Monday, January 29, 2007

What is Medical Billing

Medical Biller's Importance

Medical billing is a complex procedure and the medical biller requires a fairly broad range of knowledge and qualities. When a practicing physician or licensed healthcare provider has an encounter with a patient, the provider wants to get paid for the services. But wait! Who makes sure the provider get's paid??? That would be the medical biller's job.

For Example:

Think about the large number of medical specialties, large number of medical conditions and diseases, large number of CPT codes, large number of Medicare rules, large number of health insurance companies (payers), and large number of patients!!! Wow... that's huge! If the patient has medical health insurance the medical biller will file a claim on his/her behalf.

If the practice administers 50 different procedures and works with 50 payers, then 1,000 monthly charges require selection from 2,500 unique fees defined by contractual agreements or “reasonable and customary pricing” (“allowed”) for every CPT-payer pair. The insurance carrier determines if benefits are payable. The medical biller's role in this process is to translate medical terminology, diseases, diagnoses into coded billing statements, enter patient information into databases, mailing patients’ billing statements, posting payments received, follow up on unpaid insurance claims, as well as appeals and denials, and report to their employers on the financial status of the practice.

The Art of Medical Billing

In a small family practice or suburban clinic this task may be simple and assigned to the medical assistant or secretary who works at the front desk, but in bigger (group-) practices and clinics this task is the medical biller's job! Medical billers reviews charge slips that list the services and procedures commonly performed by the healthcare provider and informs patients of any charges.

To get paid an Assignment of Benefits (AOB) is used, which is an authorization directing the insurer to make payment directly to the provider of benefits, rather than to the insured. The insurance carrier however, is the one who determines whether benefits are payable. After a patient visit they review superbills or encounter forms to determine what services were rendered, review the patient's insurance coverage, explain physician's fees, estimate what charges will be covered by insurance, estimate how much patients might pay, and prepare accurate healthcare invoices and claims.
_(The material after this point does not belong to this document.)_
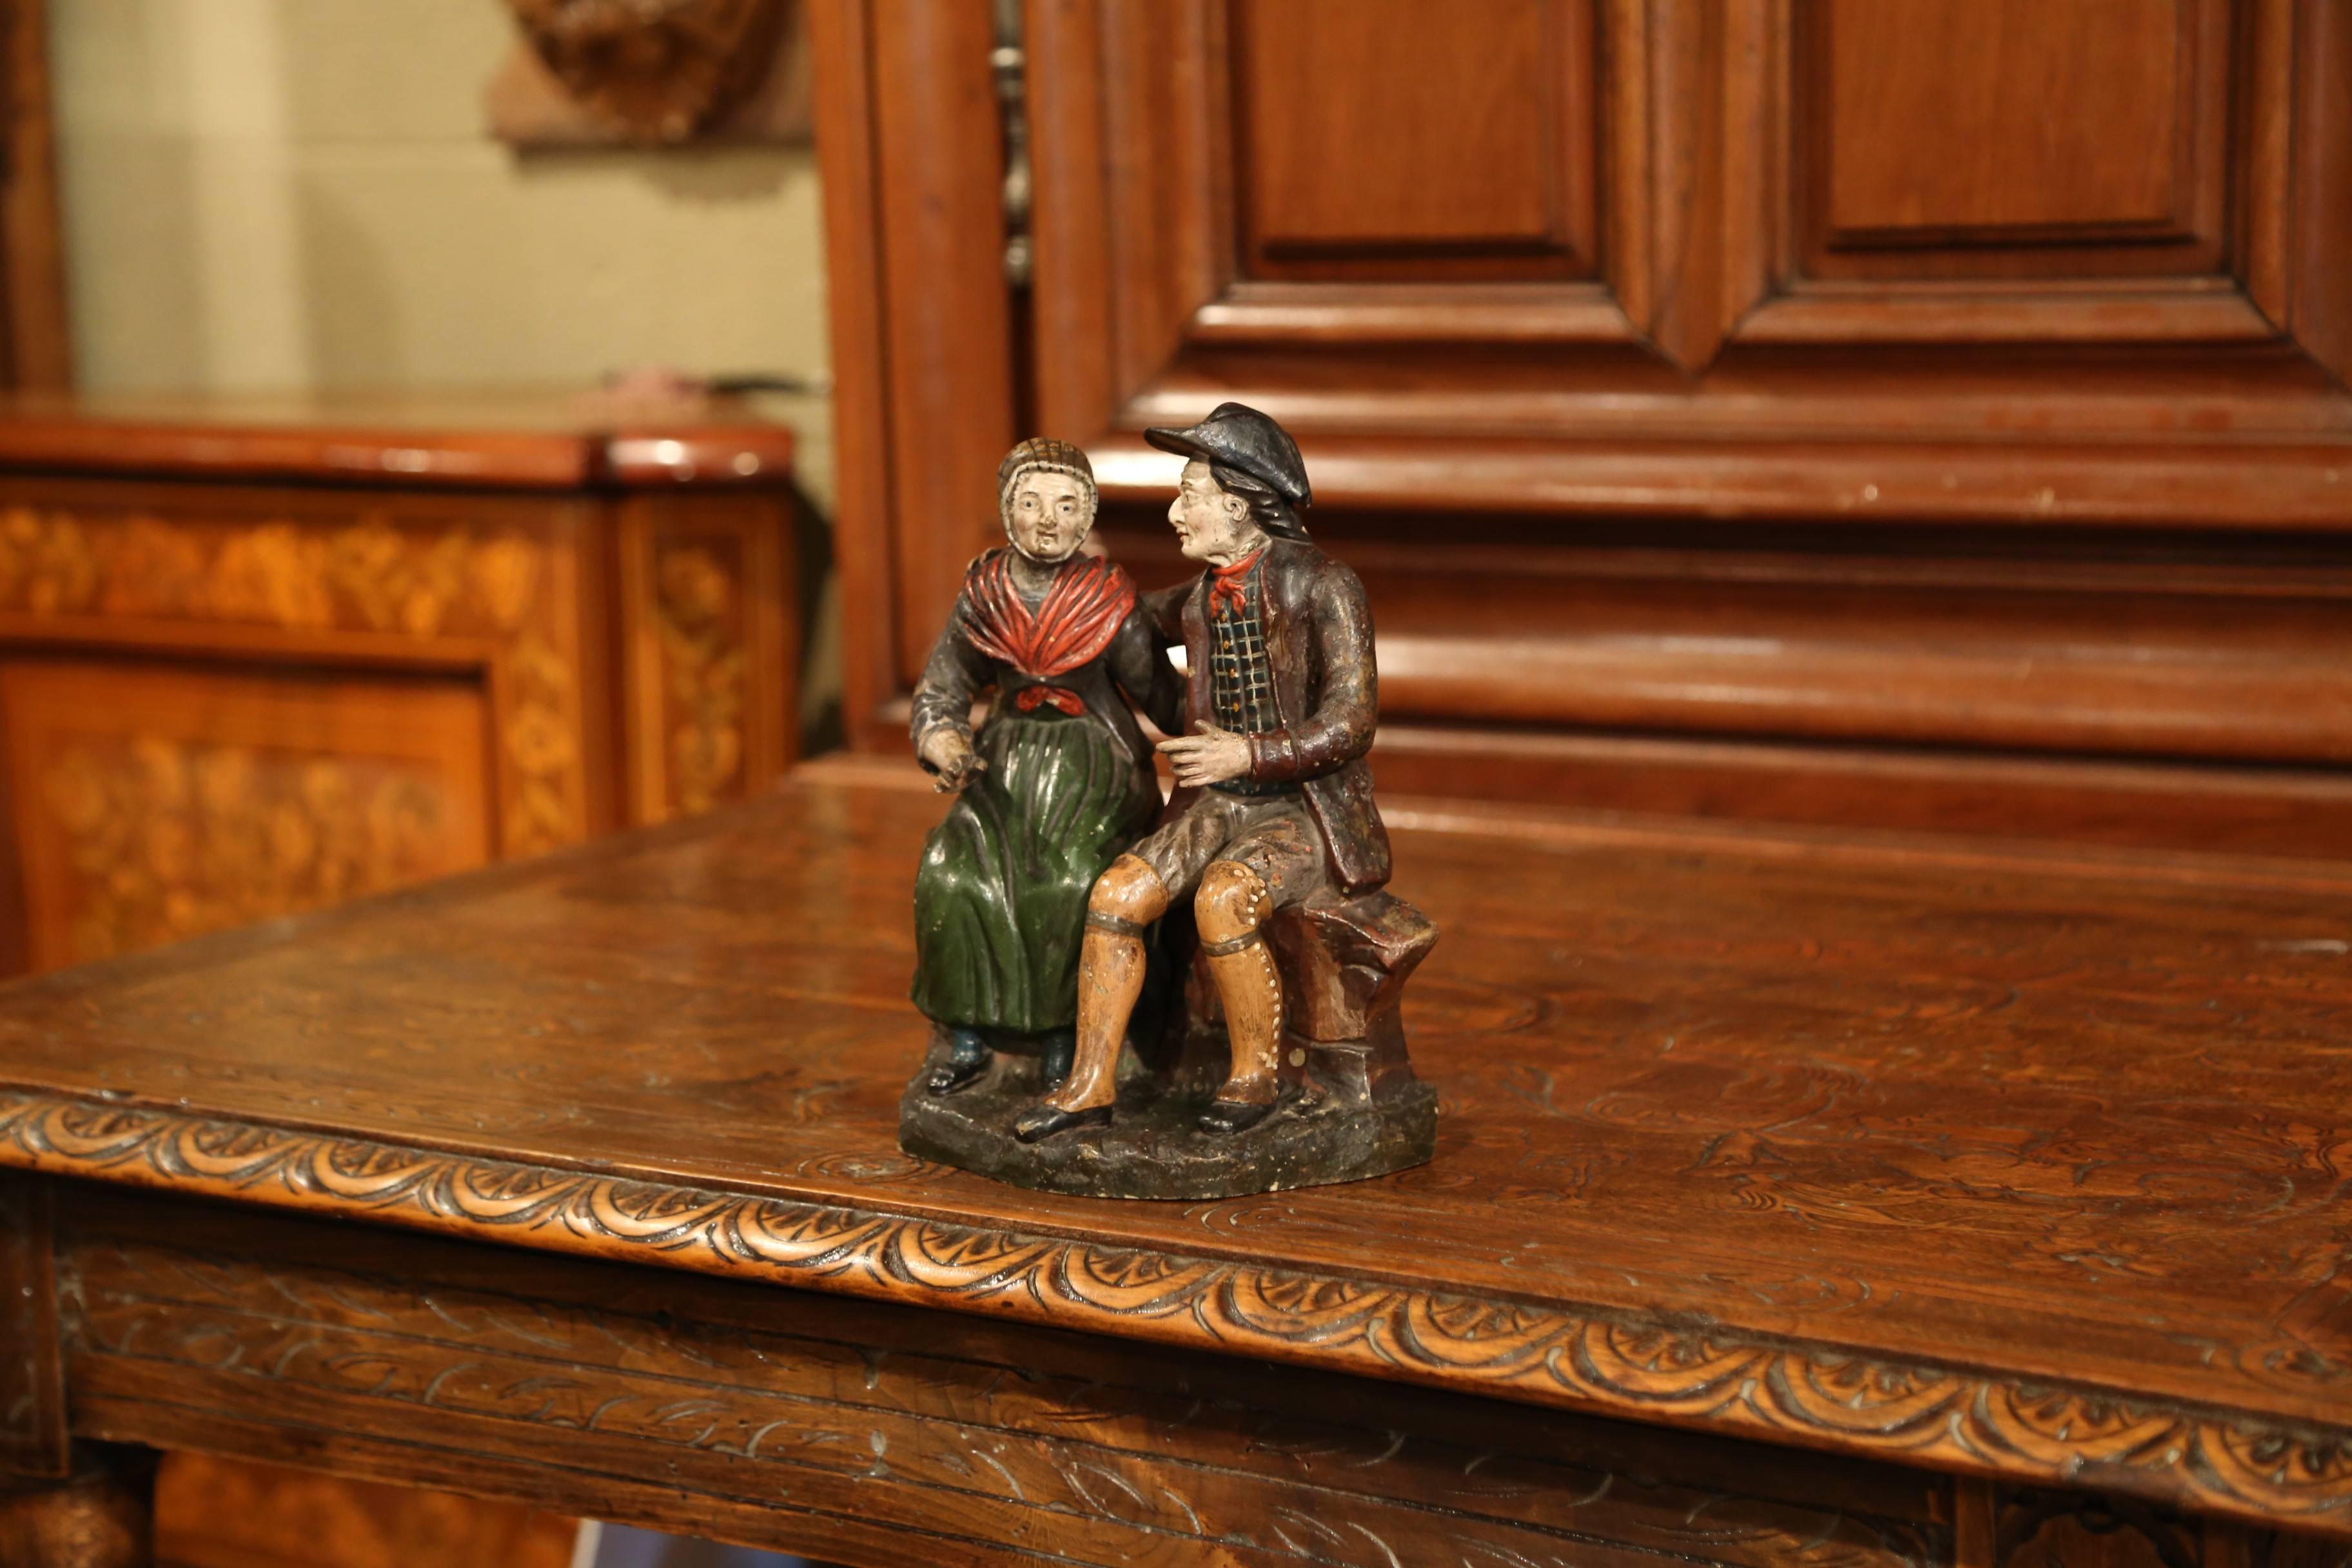 Place this antique colorful terracotta sculpture on a shelf in your family room; crafted circa 1920, the ceramic piece features a older couple seated on a bench and holding each other. Excellent condition with rich patinated colors.
Measures: 7

They are the ones who organize medical bills and statements, comb through them for errors, negotiate with collection agencies, answer patient's questions about their health-care plans and the office's billing routine, and spend hours on the phone with insurance companies on a client's behalf.

A Highly Skilled and Knowledgeable Expert

Medical billers use the HCFA-1500 form, the universal billing form to submit health insurance claims to insurance carriers. They must know appropriate responses to a variety of billing and legal situations. Bill collection, release of patient information/records, patient confidentiality rights, subpoenas, workers’ compensation rules, and Medicare regulations for reimbursement are complicated areas and must be handled competently and with care.

Medical Biller's Books and Software Programs

Medical billers accomplish their tasks using reference books, printed guides and references, automated office equipment, and computers with various sophisticated types of software. Software is used to file claims electronically, apply all patient and EOB payments, print statements, update management reports and all patient data files. Medical billers usually possess state-of-the-art word processing and accounting skills, are proficient in bookkeeping, and type at a speed of at least 45 words-per-minute.